Your assignment = Using the listing below, copy exactly each line from the one that has "tour of new england road trip" through the one that has "Photo of iPod, opening"; omit the pictures.
***** Data in this exercise
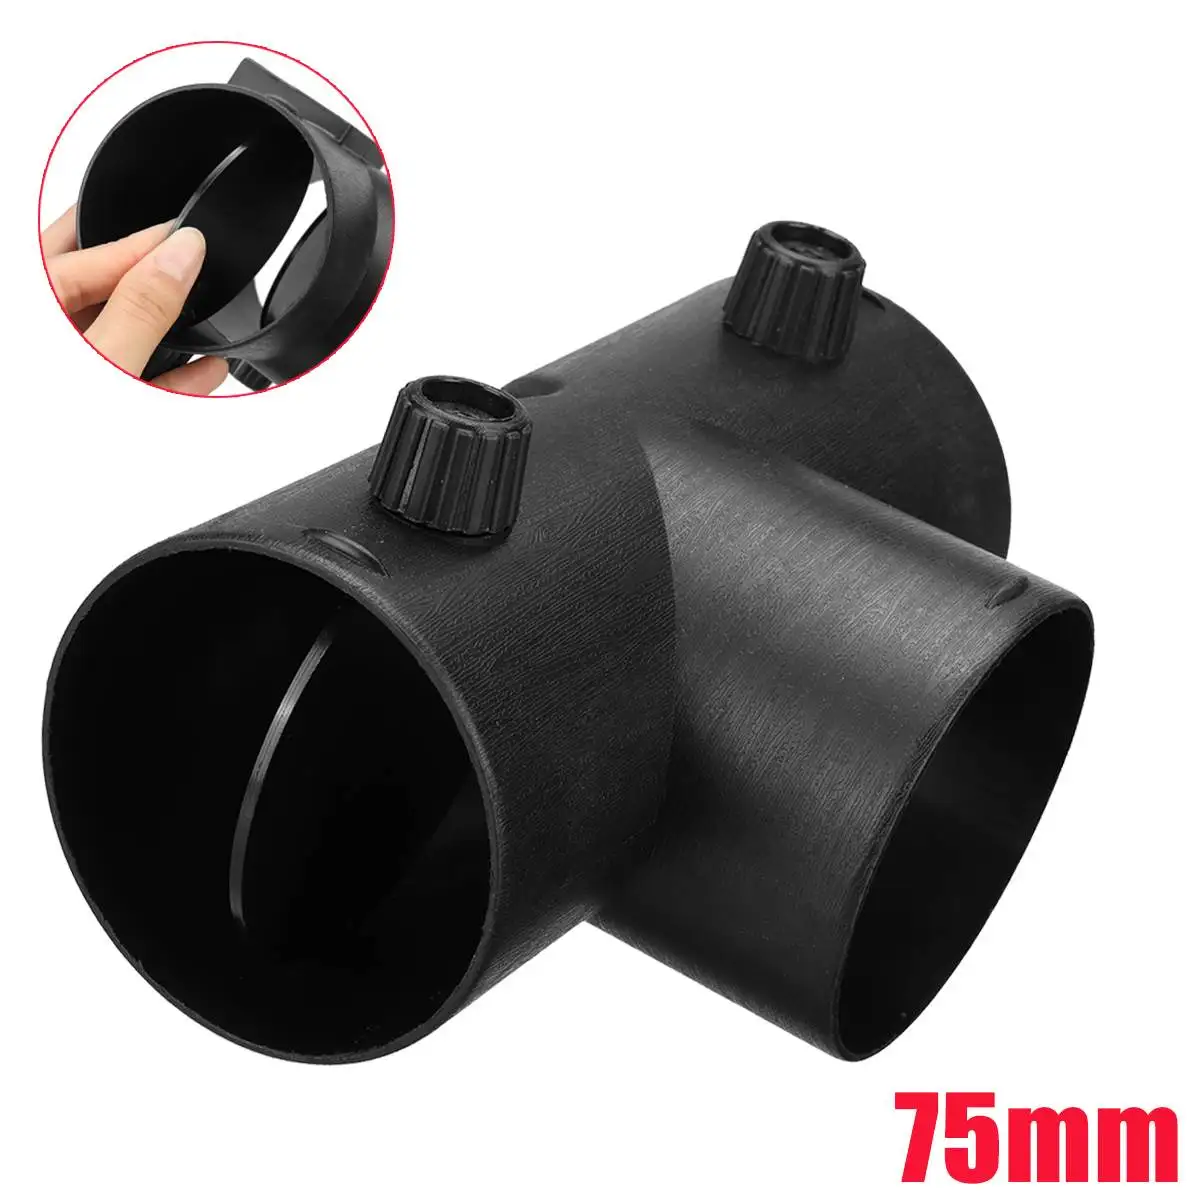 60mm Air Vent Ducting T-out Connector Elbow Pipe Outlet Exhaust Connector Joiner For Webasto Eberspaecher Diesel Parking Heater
**********
***** Data in this exercise
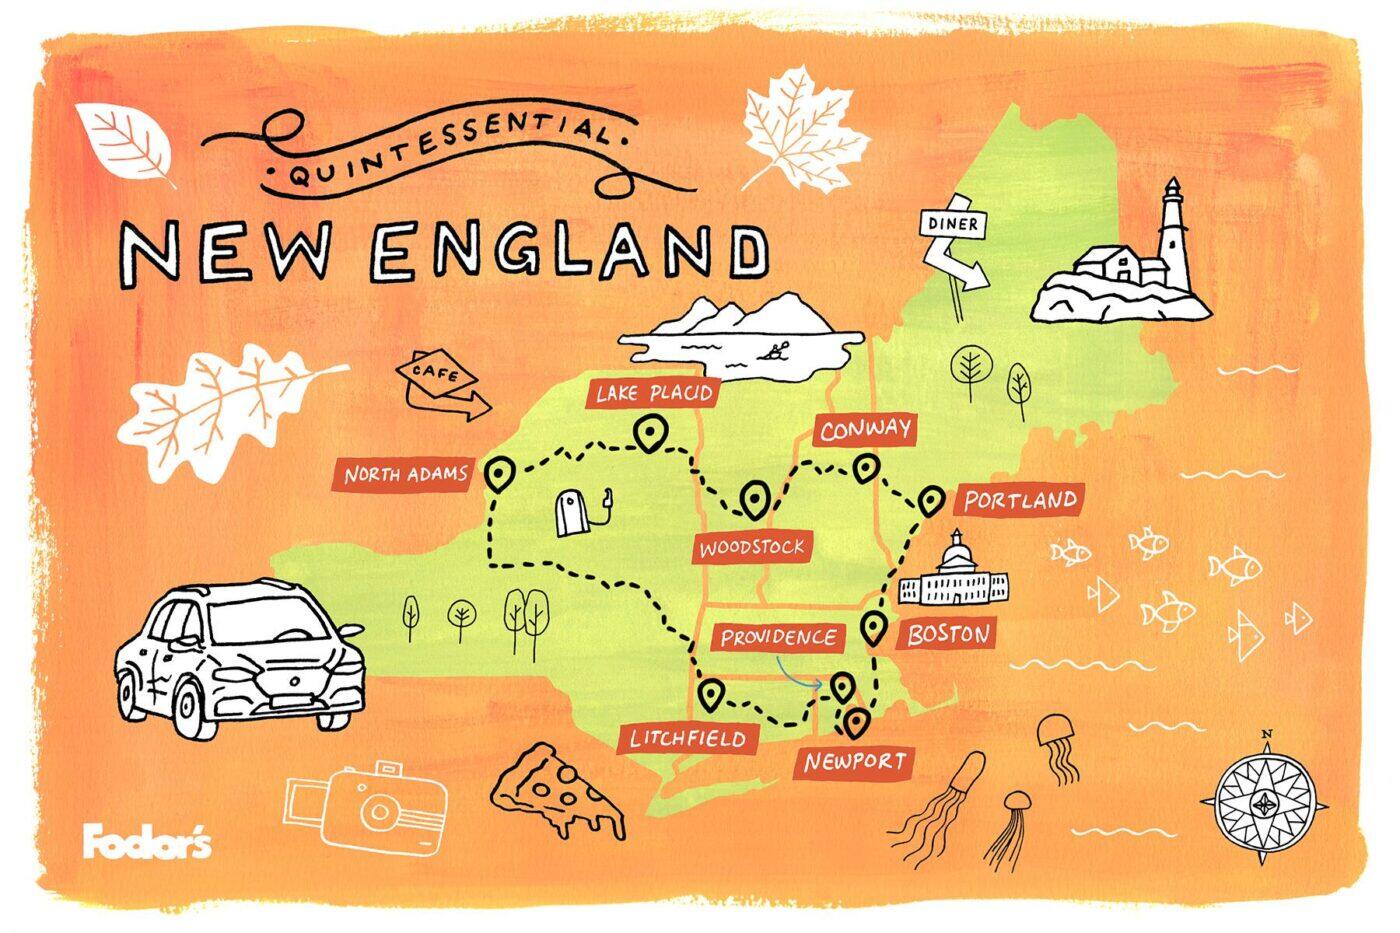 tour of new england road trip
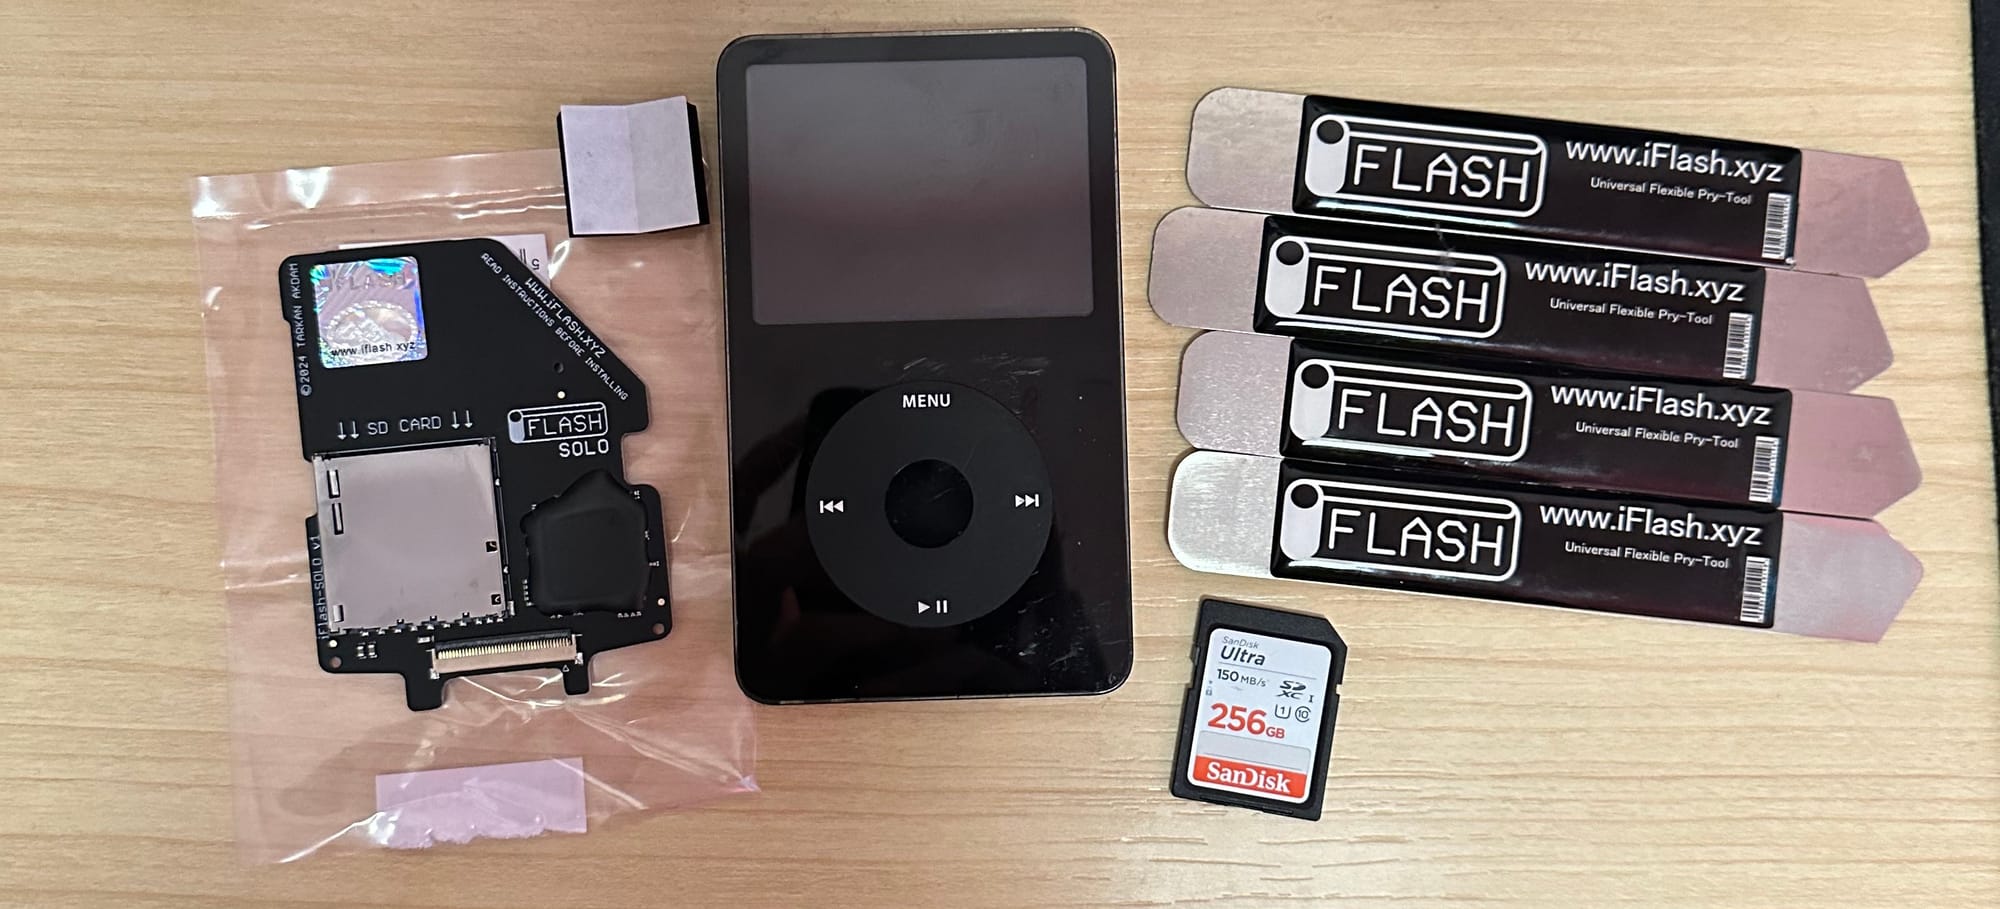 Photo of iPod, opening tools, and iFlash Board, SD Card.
**********
Output =
 tour of new england road trip
 Photo of iPod, opening tools, and iFlash Board, SD Card.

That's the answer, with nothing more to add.